**Material shown**

┌──

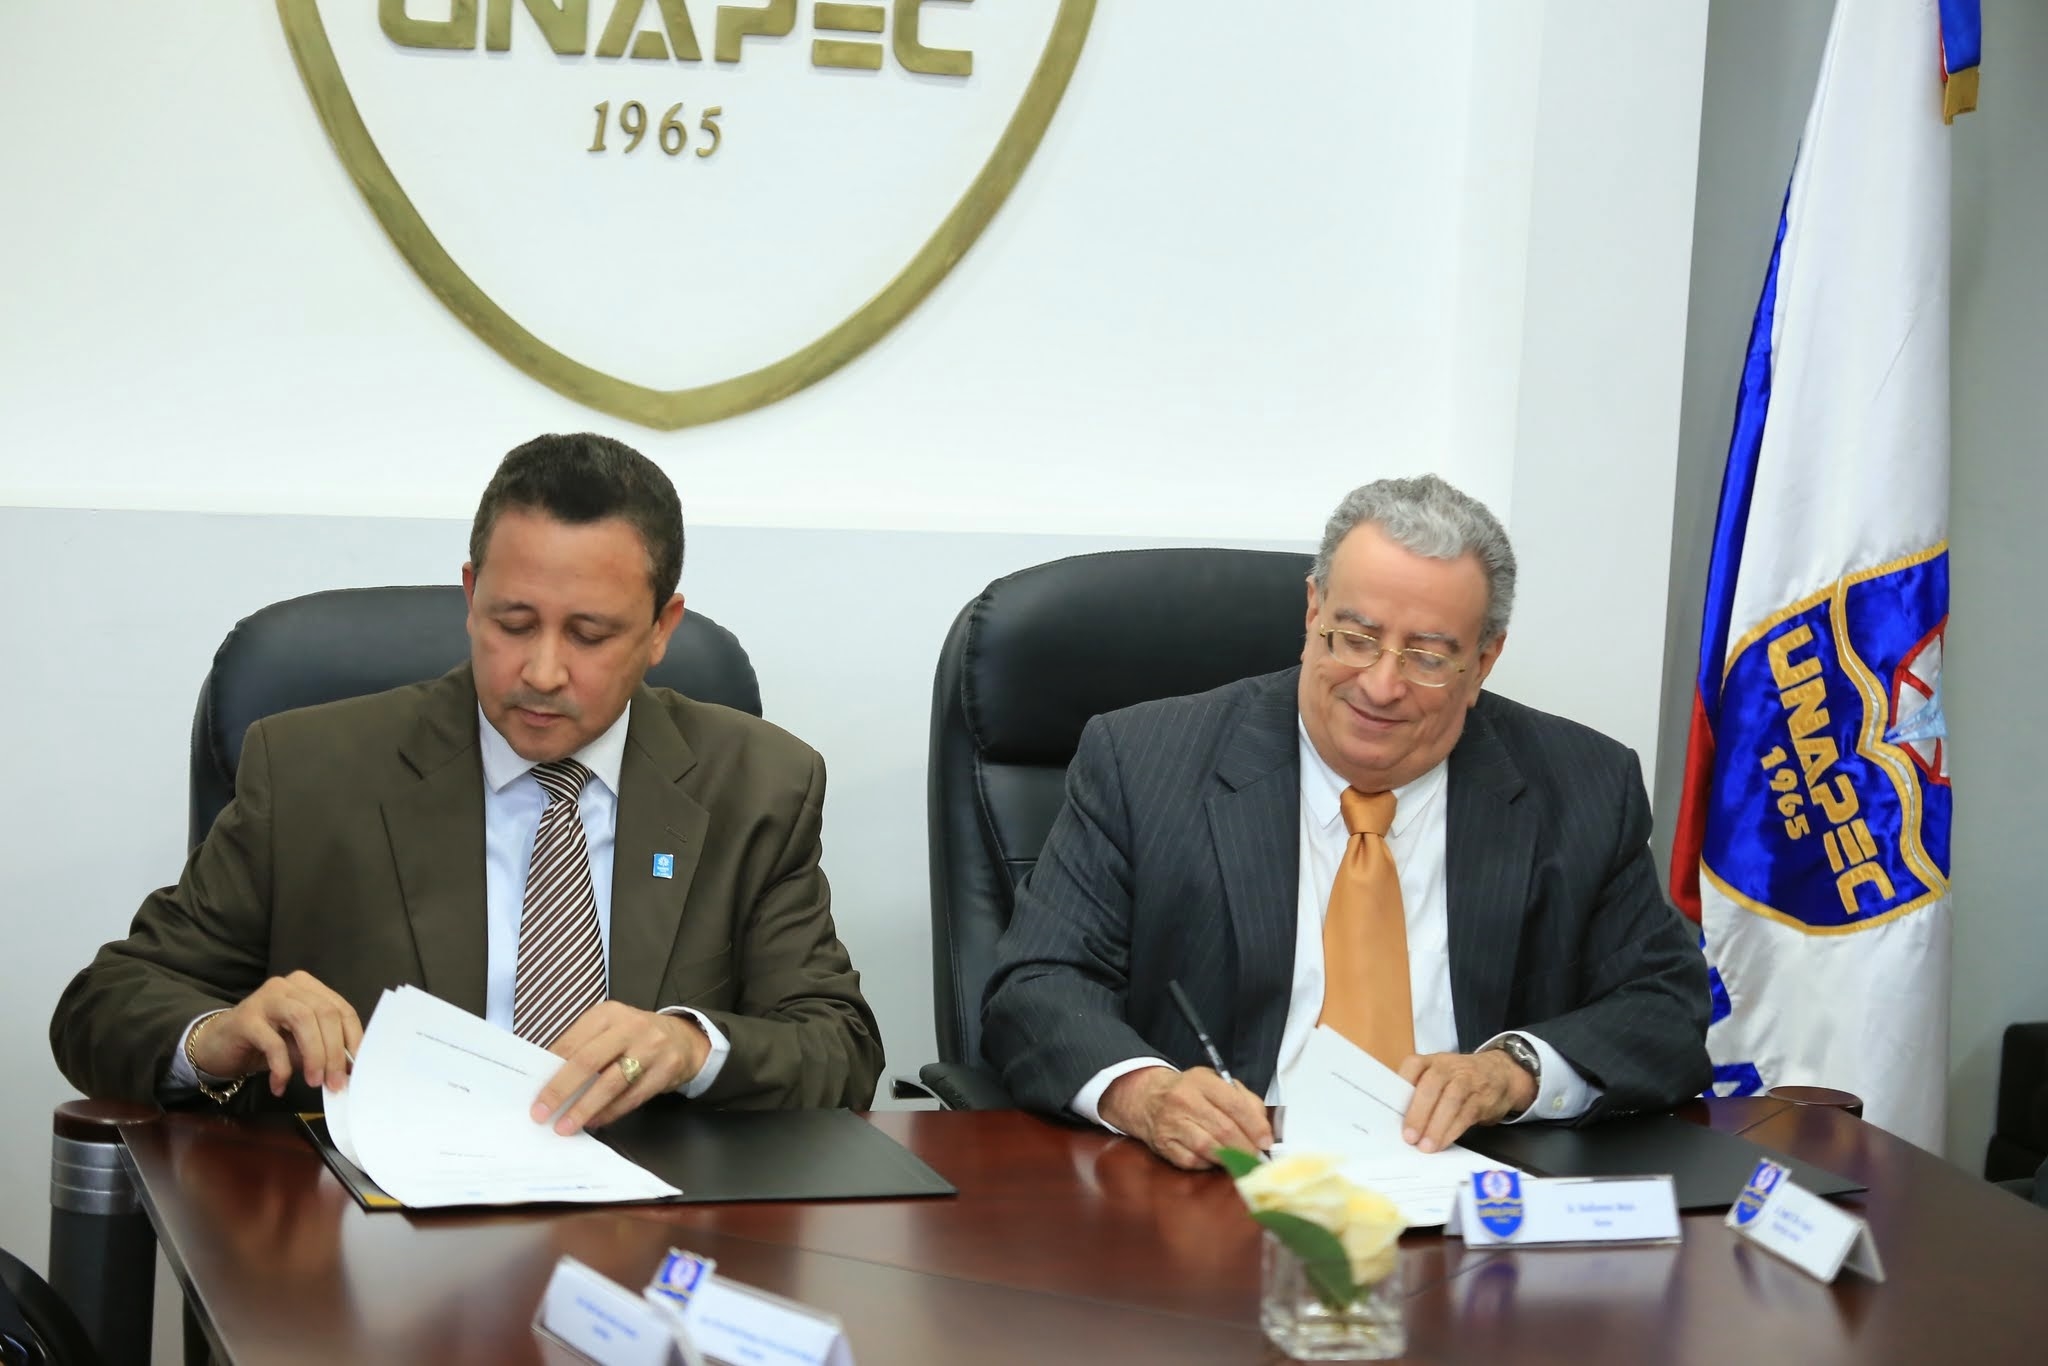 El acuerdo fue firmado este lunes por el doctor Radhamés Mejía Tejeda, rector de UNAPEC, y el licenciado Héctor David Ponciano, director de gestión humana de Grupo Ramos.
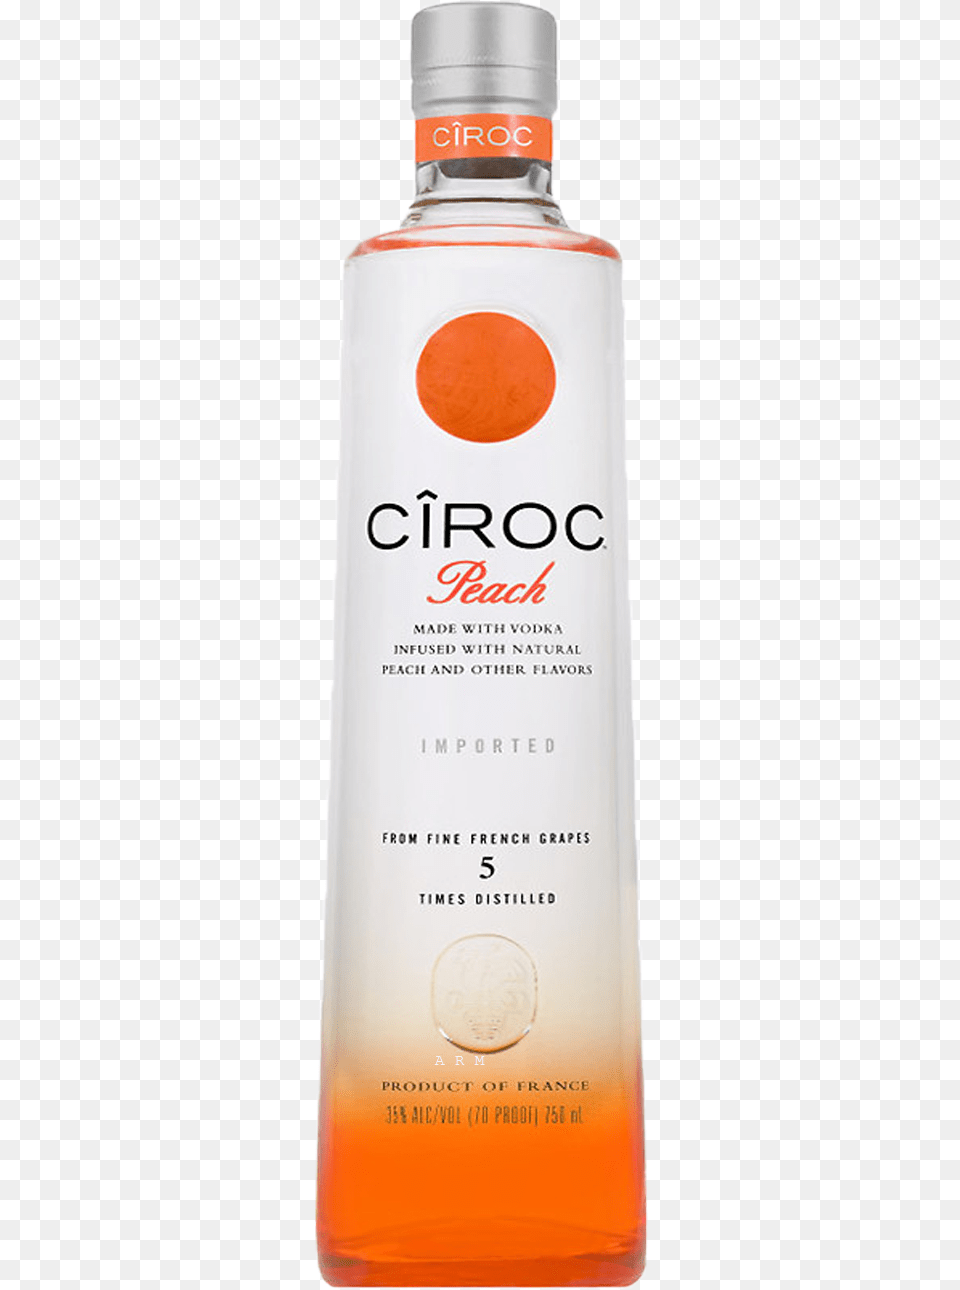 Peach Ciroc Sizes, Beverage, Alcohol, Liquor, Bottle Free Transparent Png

└──
┌──

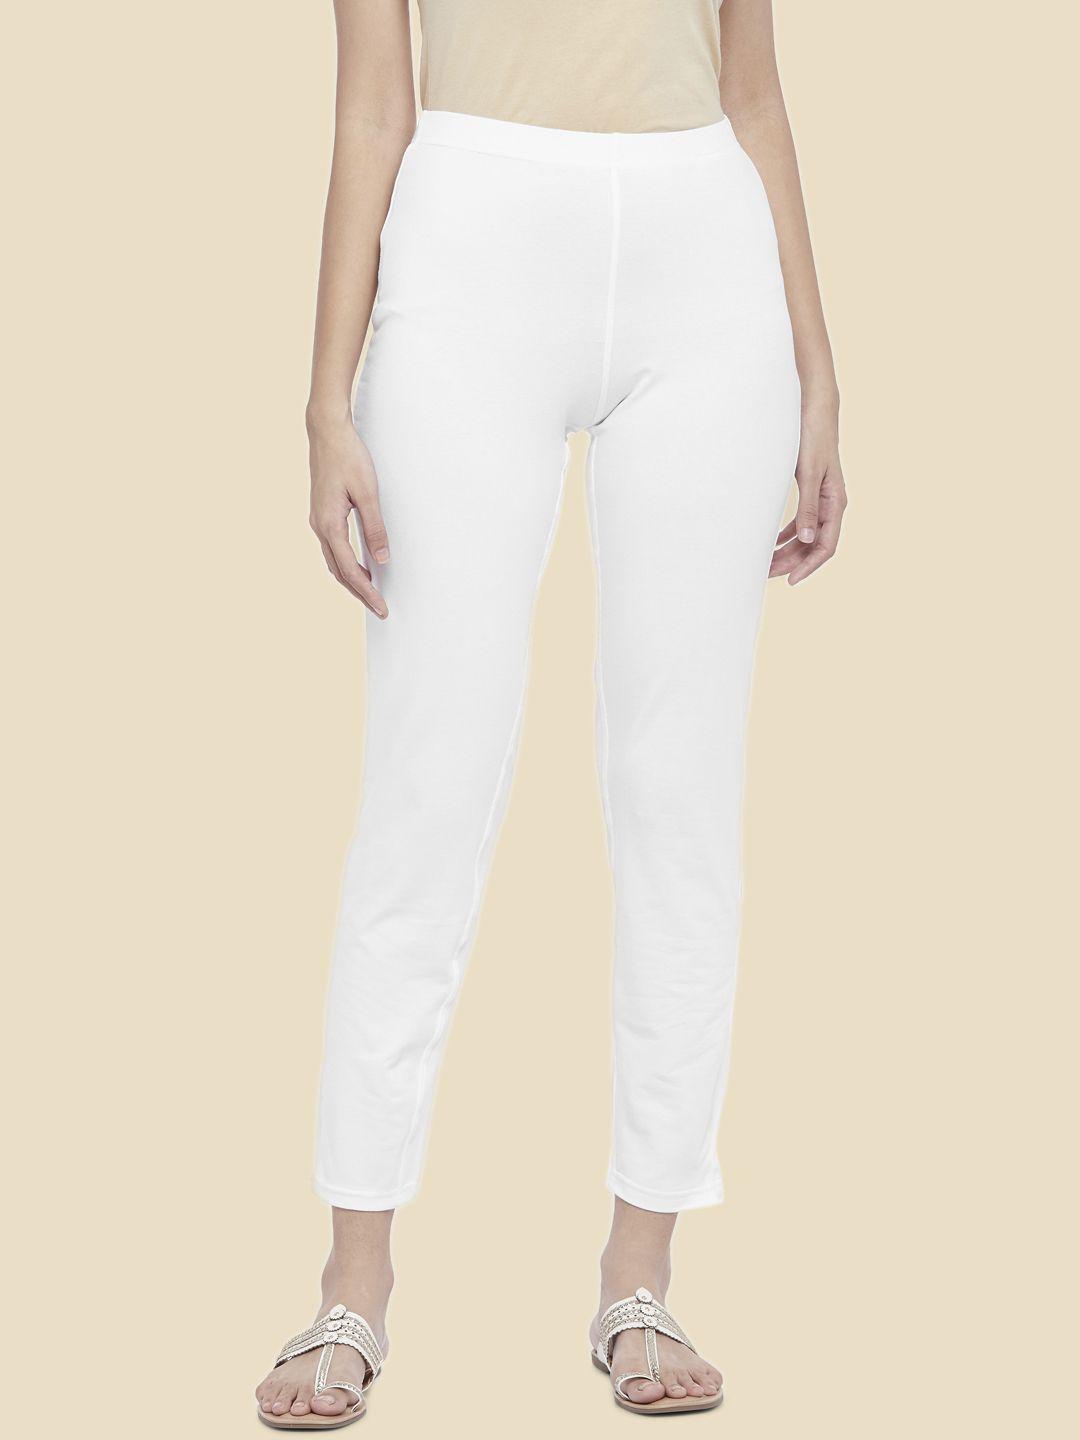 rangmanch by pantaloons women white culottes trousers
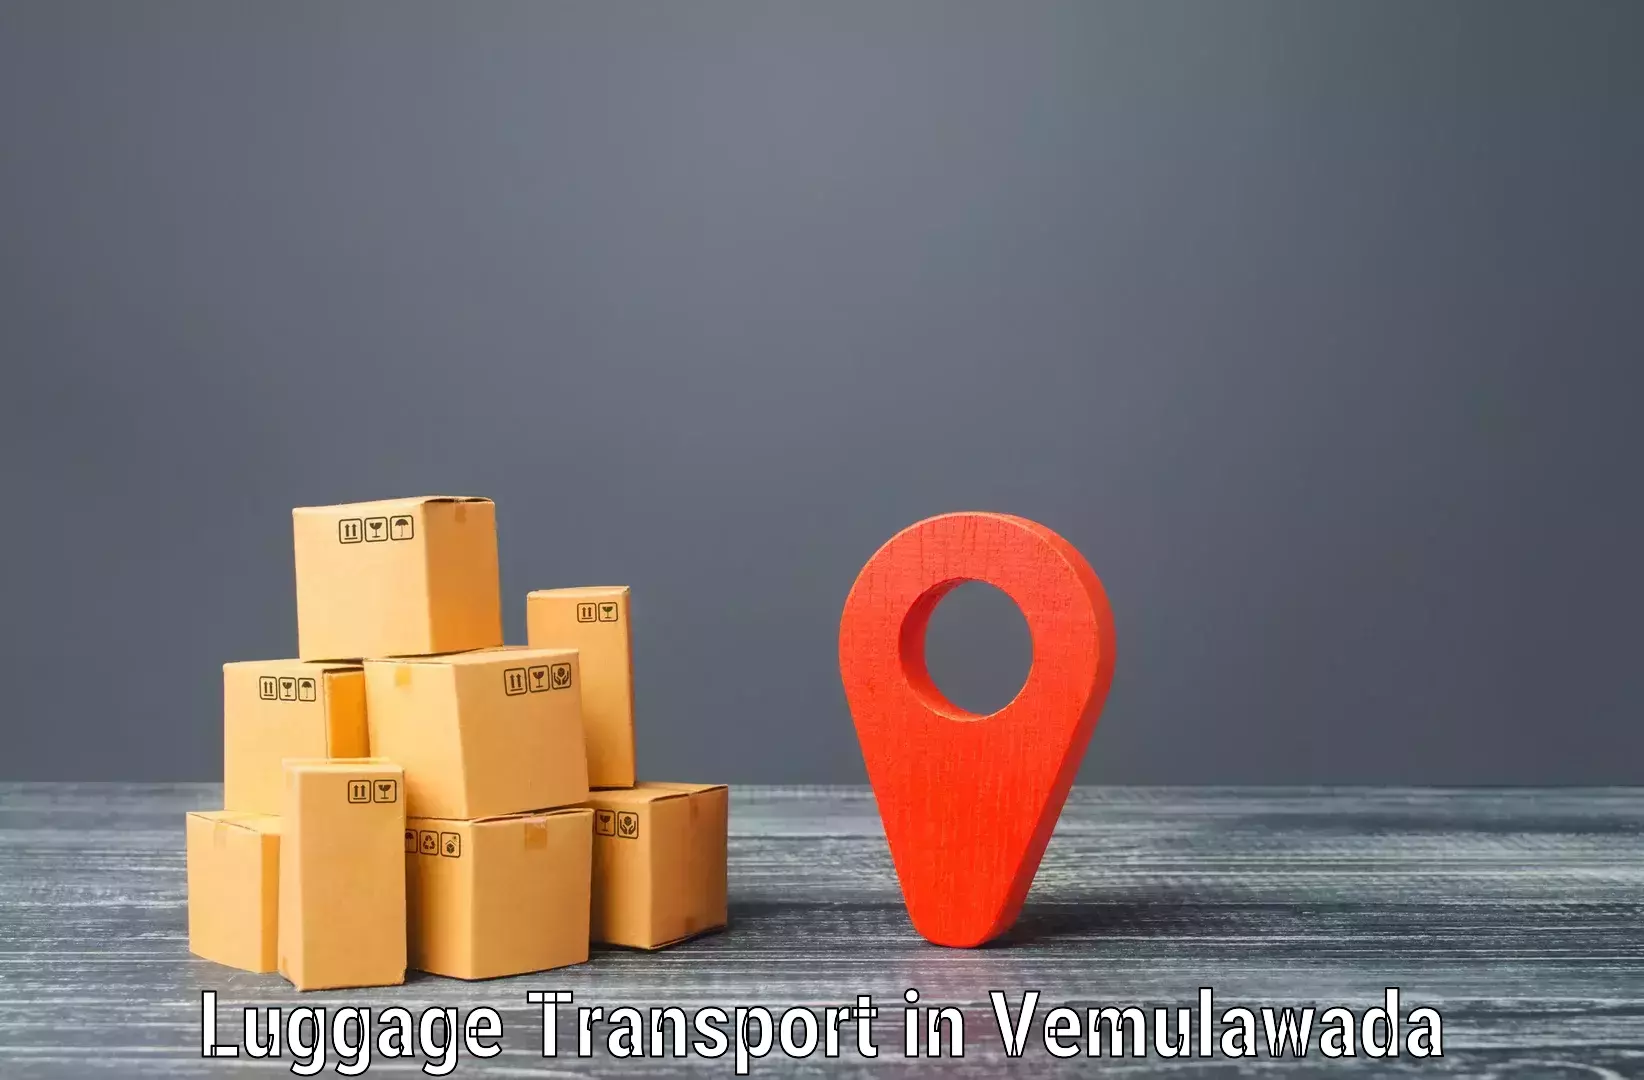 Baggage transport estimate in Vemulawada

└──

**Directions for this task**
Take the lines above starting at the one containing "El acuerdo fue" and ending at the one containing "Peach Ciroc Sizes, Beverage, Alcohol, Liquor, Bottle", and print them again exactly, without pictures.

**Answer space**
 El acuerdo fue firmado este lunes por el doctor Radhamés Mejía Tejeda, rector de UNAPEC, y el licenciado Héctor David Ponciano, director de gestión humana de Grupo Ramos.
 Peach Ciroc Sizes, Beverage, Alcohol, Liquor, Bottle Free Transparent Png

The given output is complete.